The new settlement agreement does little to permanently reduce the demand for water in the Klamath Irrigation Project, and may lead to extensive groundwater pumping—a scheme which would likely make matters worse. Included in the $1 billion price tag is a $92 million allotment for the Klamath Water Users Association—a commercial agricultural organization—to use federal tax dollars to establish their own plan for water management in the basin.

 

“Giving agribusiness interests almost $100 million dollars to develop their own water plan is like putting the fox in charge of coming up with a plan to manage the hen house,” noted Pedery. “Water allocation should be determined by scientists, not agribusiness.”

 

“The claim that the agreement will “resolve long standing disputes ” is just not credible when the agreement does not include a dam removal deal, does not guarantee river flows for fish in the lower river, and institutionalizes large-scale commercial agriculture on 22,000 acres of the nation’s premier National Wildlife Refuges,” stated Hunter. “Why the rush before there is even a dam removal deal?  We believe that is because time in running out on the Bush administration’s ability to deliver special interest giveaways to its political allies.”

 

The $1 billion settlement deal comes at a time of tight federal budgets and a worsening economy.  Oregon’s Congressional delegation has been struggling to secure $400 million to support rural schools and law enforcement through the renewal of the popular “county payments” program.  Given this fiscal reality, the billion-dollar price tag of the settlement agreement seems far-fetched at best.

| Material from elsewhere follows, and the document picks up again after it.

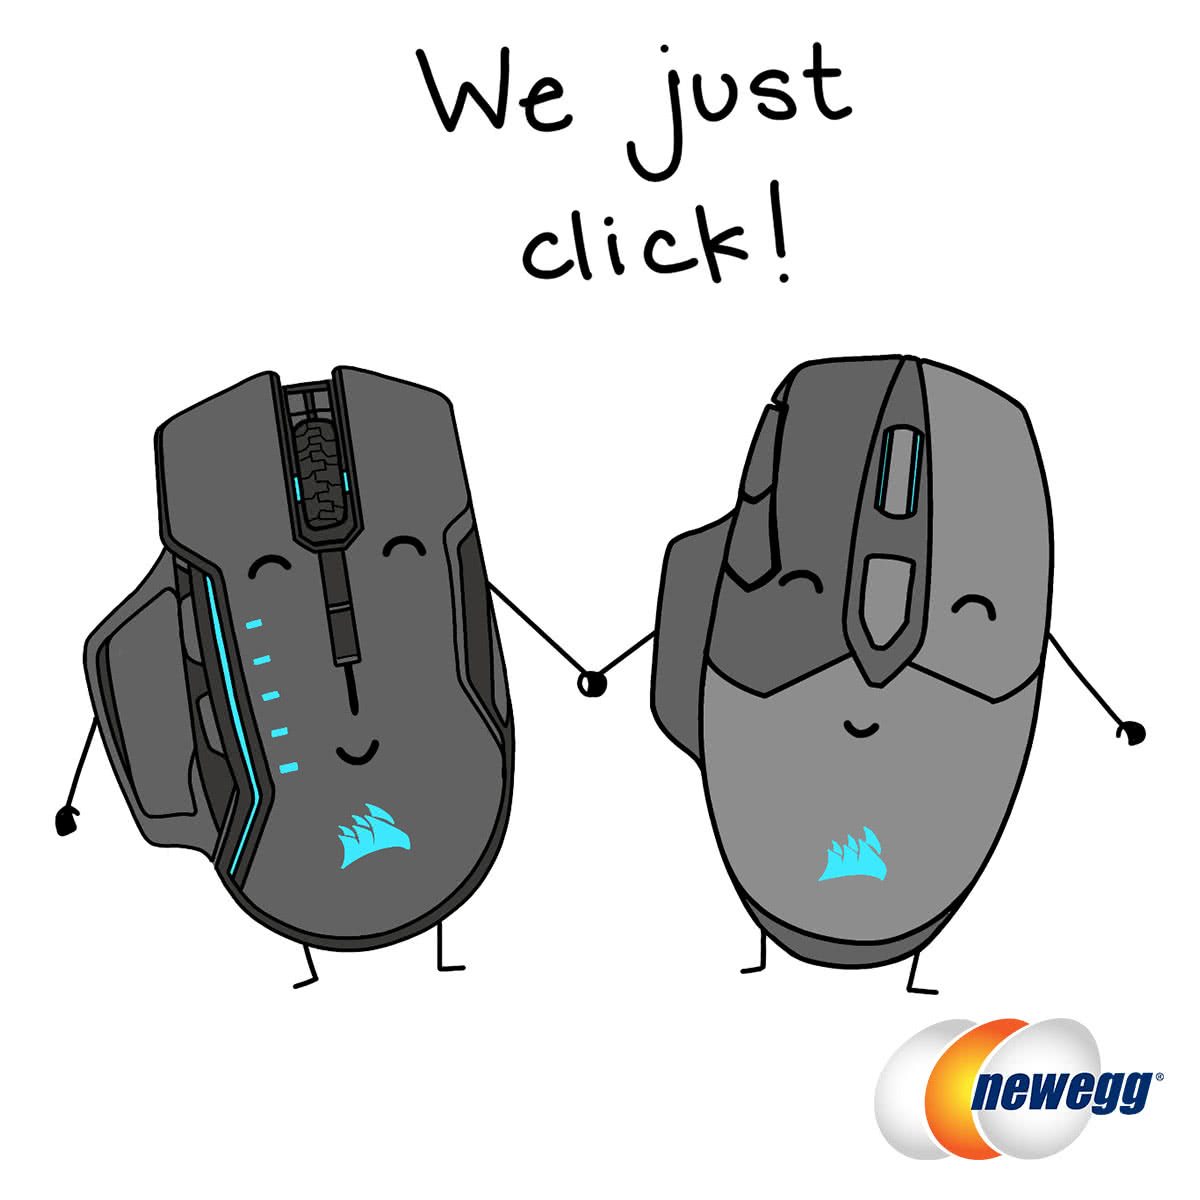 We just click!
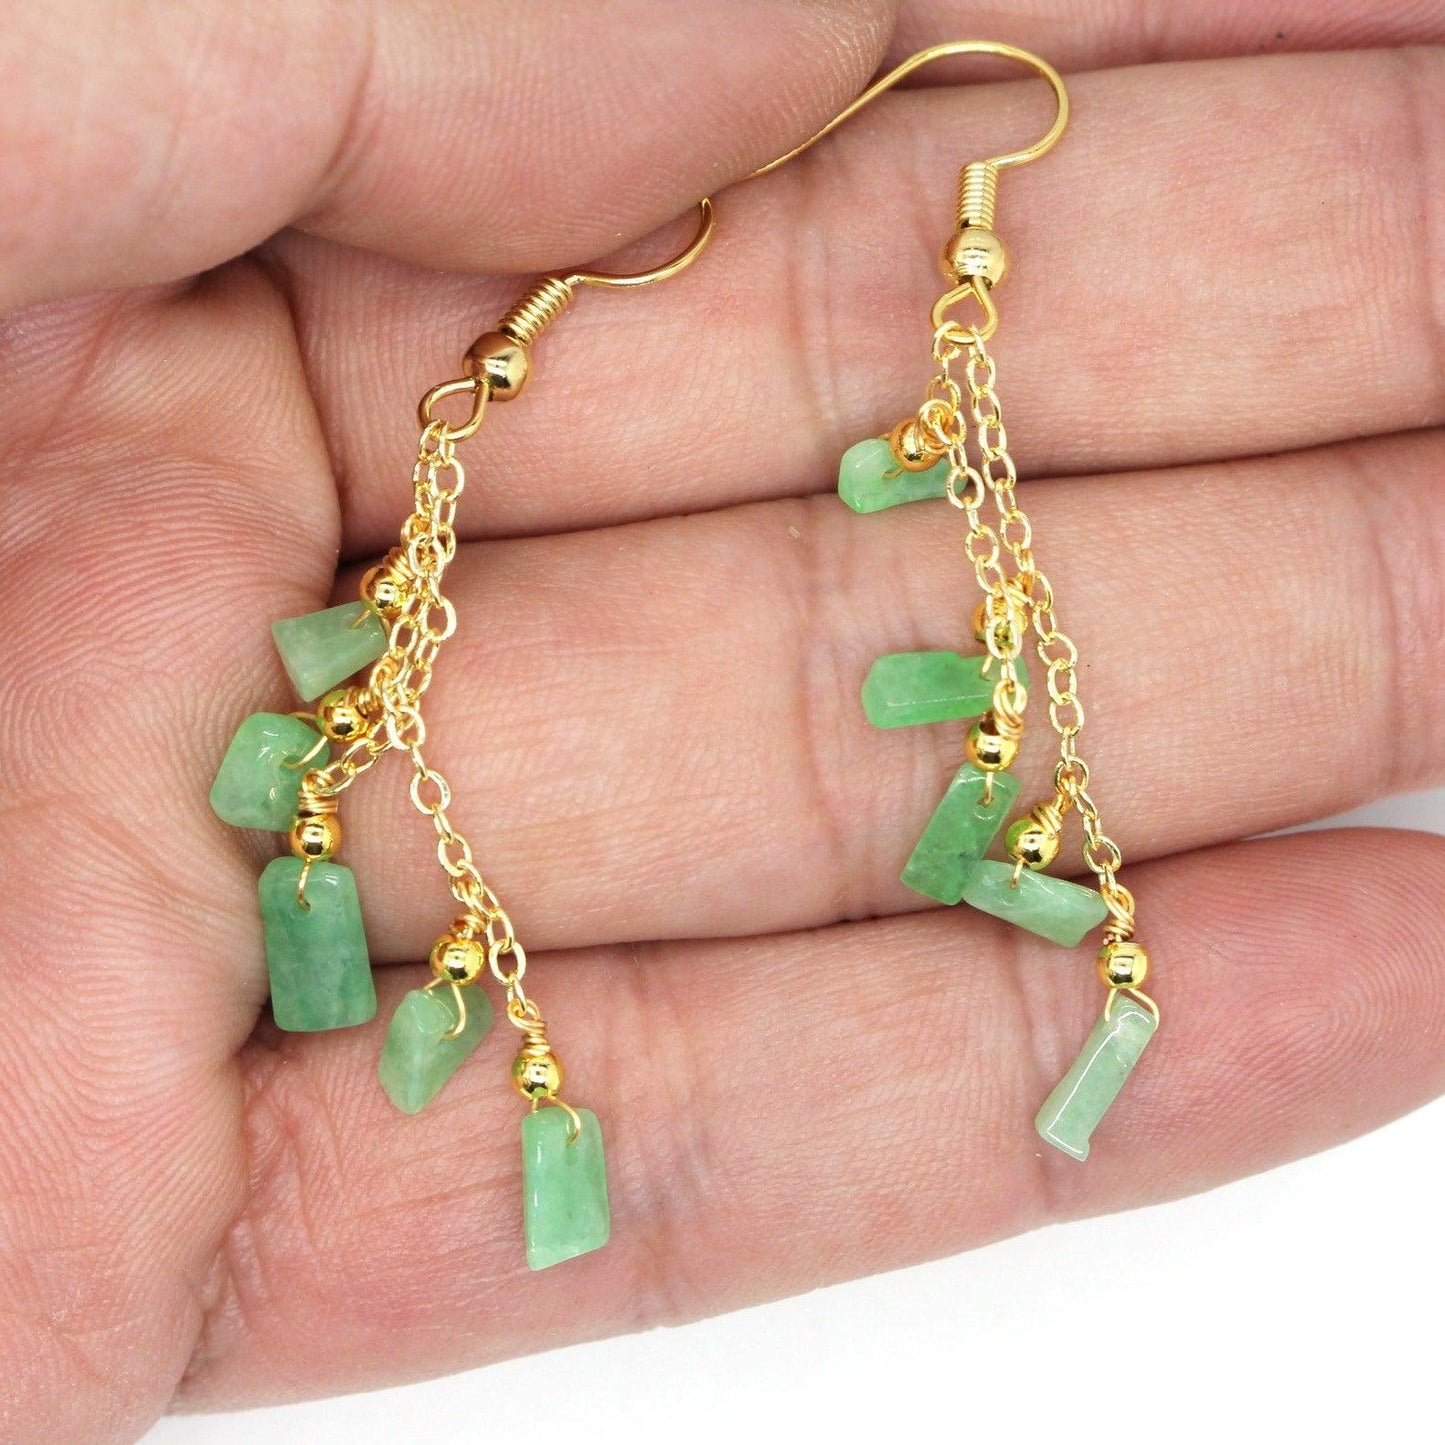 Type A Jadeite Jade Earrings

In addition, while the basin is in need of public funding for restoration and water demand reduction, unfortunately a significant portion of the billion dollars would go to private agribusiness interests and not to solving the basin’s problems.

 

“The Bush administration and agribusiness have come up with a deal that costs a billion dollars, fails to provide enough water for endangered salmon, continues to harm National Wildlife Refuges and doesn’t contain any provision for dam removal,” said Steve Pedery, Conservation Director with Oregon Wild. “They are putting forward an impossible plan and when it fails they are going to try and blame the Oregon and California Congressional delegations for not passing it.”

 

“While the package has important fisheries restoration components that are needed in the basin, the total package  is so loaded up with special interest giveaways to agribusiness that it is hard to see how it could credibly move through Congress,”  stated Hunter of WaterWatch.